Криптономикон, часть 1 - Стивенсон Нил Таун. Страница 30

Примерно на середине объяснений Ами схватывает основную мысль, поворачивается к иллюминатору и начинает языком, выковыривать из зубов остатки завтрака. Она делает это с деликатно закрытым ртом, но процесс явно занимает ее сильнее, чем пинойграммы.

Рэнди охватывает необъяснимое желание не утомлять Ами. Не то чтобы он на нее запал: пятьдесят на пятьдесят, что она лесбиянка. Просто она такая открытая, такая непосредственная, что ей можно говорить все, как равной.

Вот почему Рэнди не любит бизнес.
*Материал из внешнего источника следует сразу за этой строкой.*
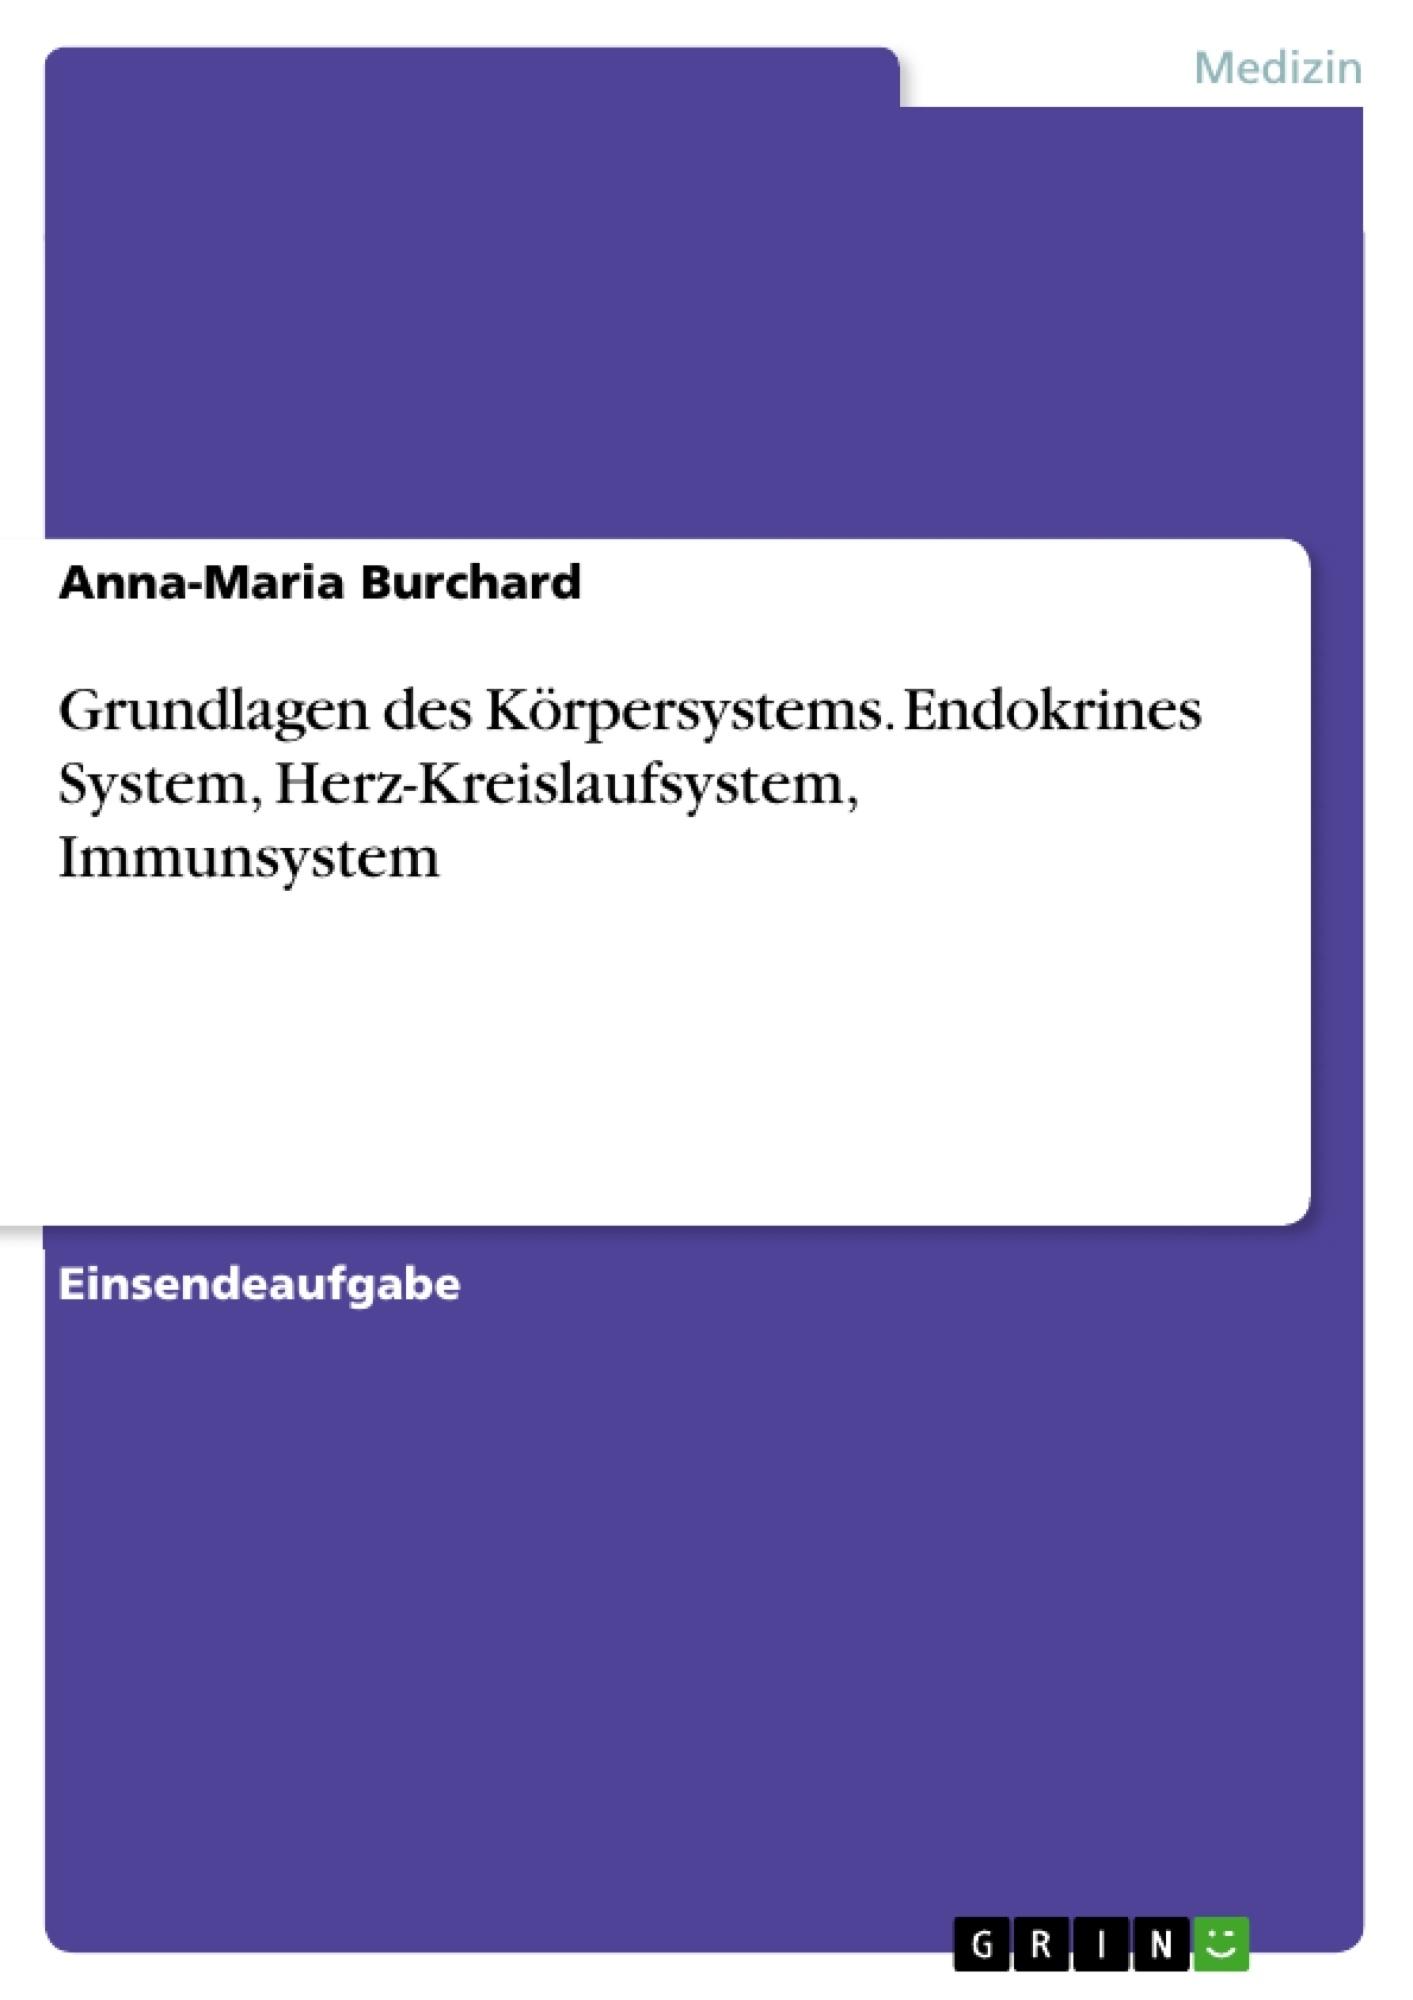 Titel: Grundlagen des Körpersystems. Endokrines System, Herz-Kreislaufsystem, Immunsystem

Он хотел бы говорить всем все. Ему хочется дружбы.

— Попробую догадаться, — произносит она. — Ваше дело — программы.

— Да, — отвечает Рэнди, словно оправдываясь, — но программы во всем проекте — единственно интересное. Остальное — клепать номерные знаки.

Ами немного просыпается.

— Клепать номерные знаки?

— Наше с партнером выражение, — говорит Рэнди. — В любой работе есть творческая часть — разрабатывать новую технологию или что-нибудь в этом роде. Все остальное — девяносто девять процентов — заключение сделок, поиск инвестиций, деловые встречи, маркетинг и продажи. Мы называем это клепать номерные знаки.

Она кивает, глядя в окно. Рэнди подмывает сказать, что пинойграммы — всего лишь способ наладить приток денежных средств, чтобы перейти к пункту второму плана. Он уверен, что тогда Ами не будет смотреть на него как на нудного компьютерщика. Однако Ами резко дует на кружку, как будто гасит свечу, и говорит:

— О'кей. Спасибо. Думаю, три пачки сигарет это стоило.

Кошмар

Бобби Шафто хорошо разбирается в кошмарах. Только что он, словно летчик из горящего самолета, катапультировался из старого заезженного кошмара в новехонький, экстра-класса. Кошмар, правда, какой-то недоделанный: в нем нет исполинской ящерицы.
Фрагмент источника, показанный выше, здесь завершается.